[Start of Attachment]

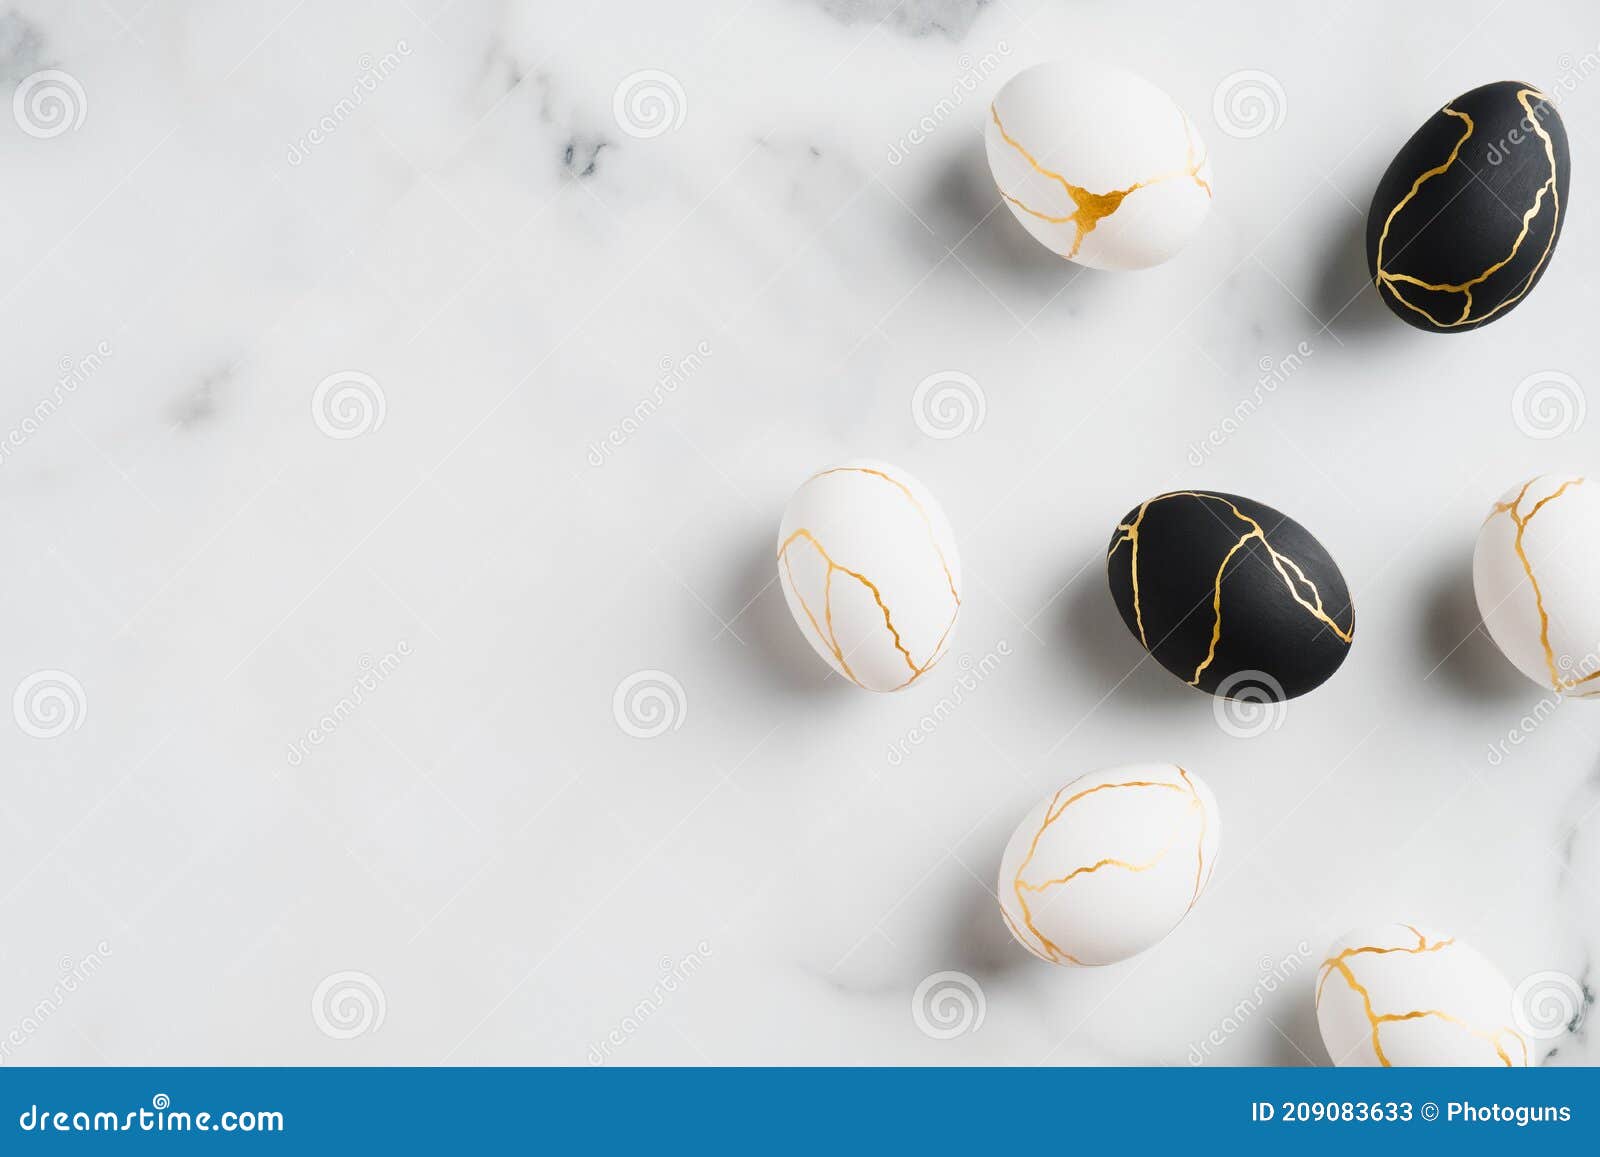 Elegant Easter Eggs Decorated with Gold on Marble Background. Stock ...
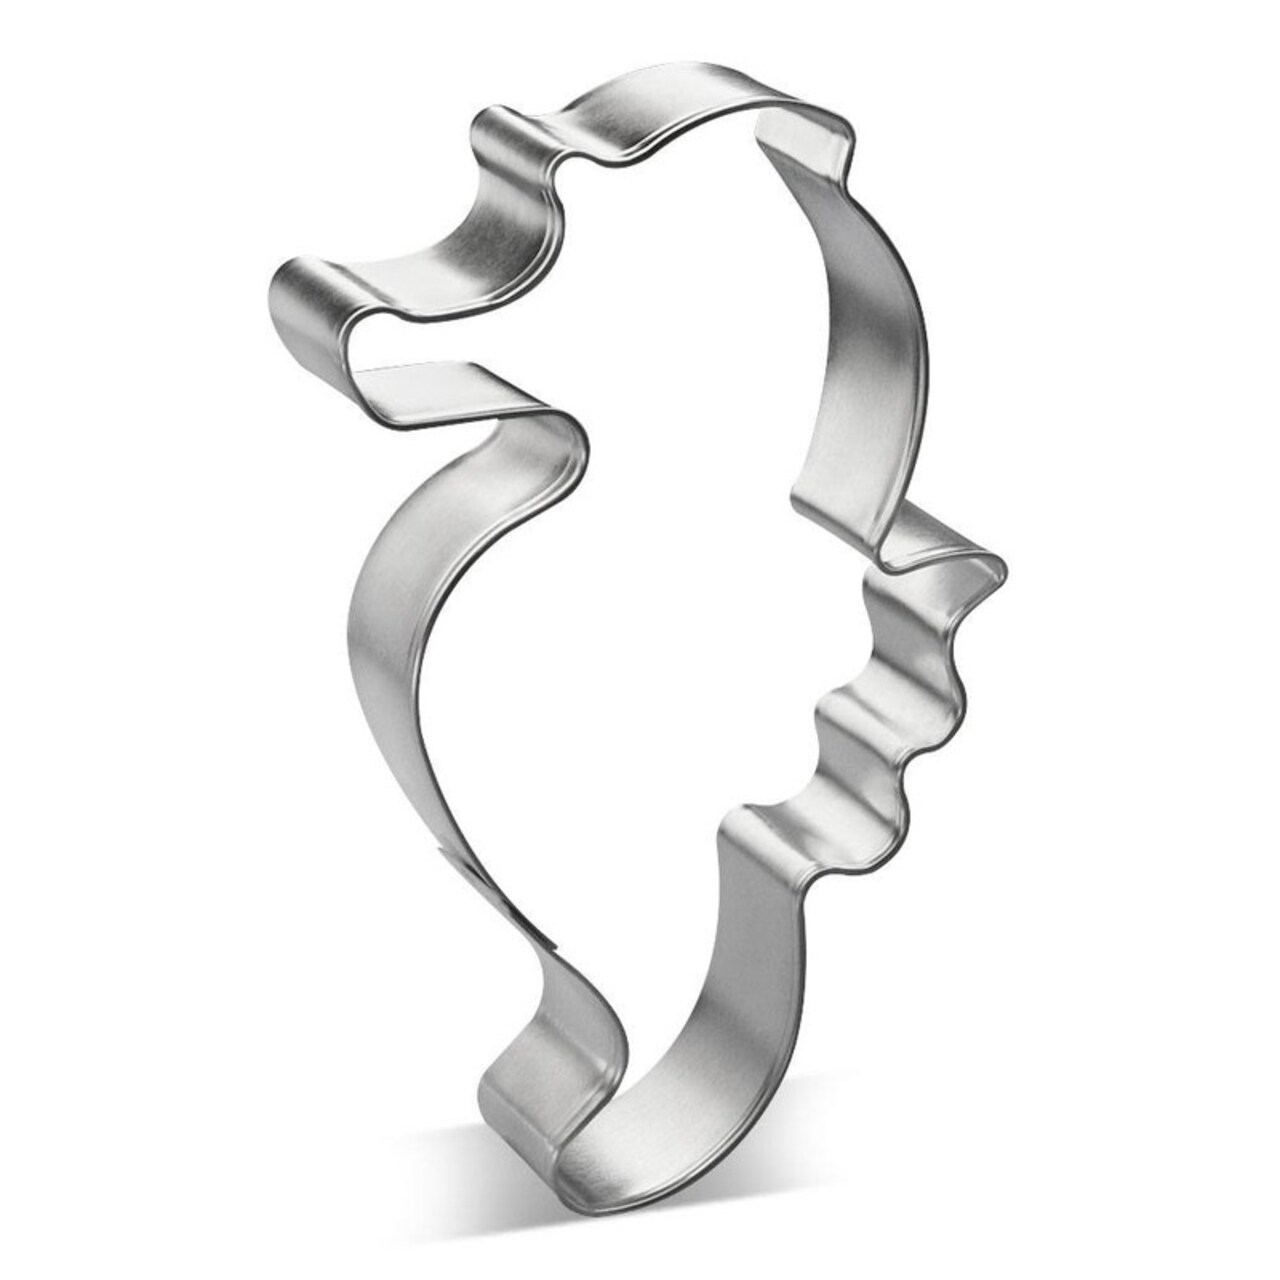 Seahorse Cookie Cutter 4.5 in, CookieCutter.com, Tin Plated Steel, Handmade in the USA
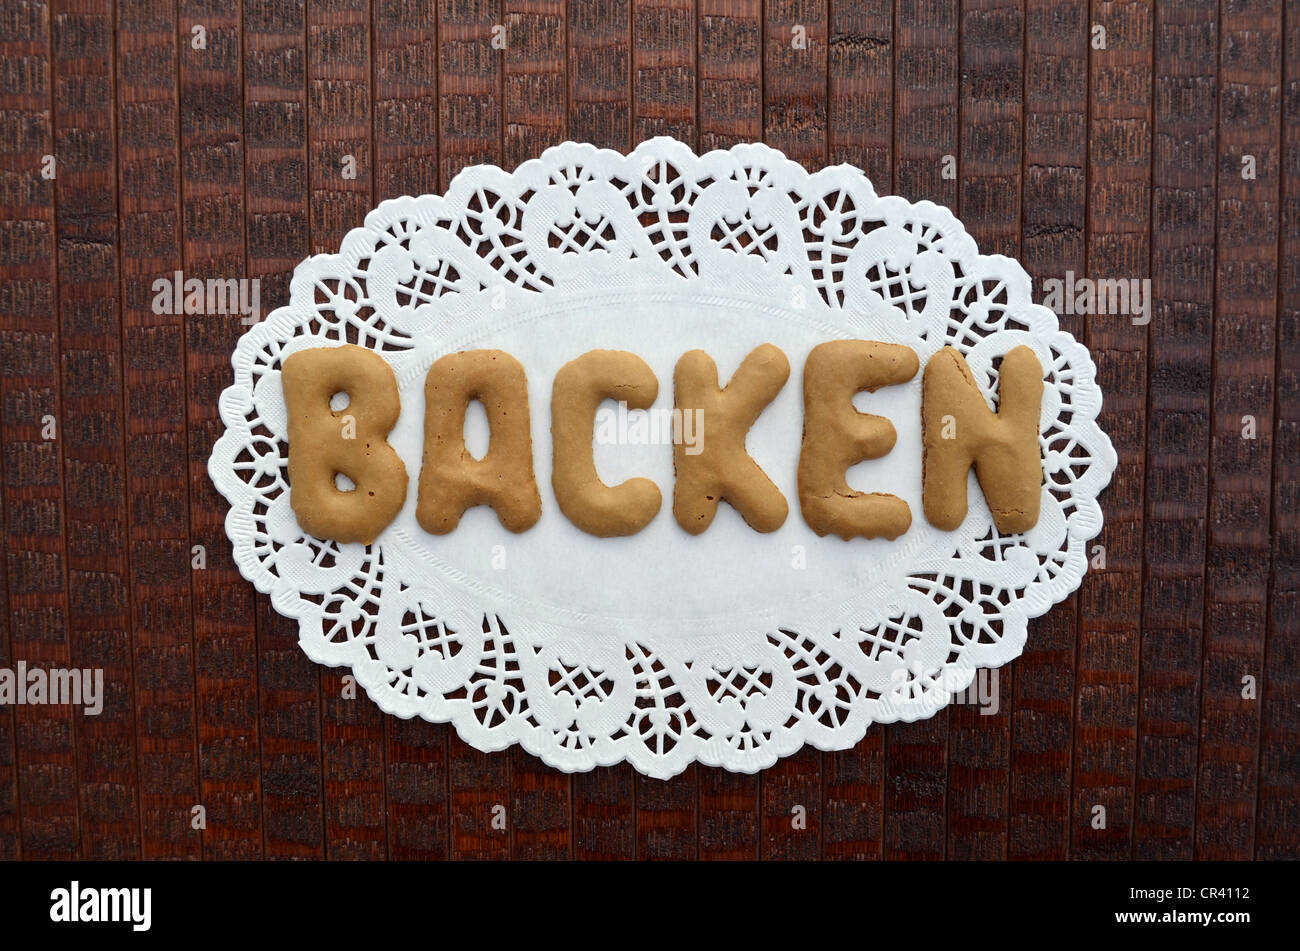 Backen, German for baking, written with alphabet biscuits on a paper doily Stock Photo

[End of Attachment]

What is required:
Starting at the line that holds "Seahorse Cookie Cutter" and ending at the last line of the material above, repeat each line exactly, both ends included, and leave the pictures out.

Written solution:
 Seahorse Cookie Cutter 4.5 in, CookieCutter.com, Tin Plated Steel, Handmade in the USA
 Backen, German for baking, written with alphabet biscuits on a paper doily Stock Photo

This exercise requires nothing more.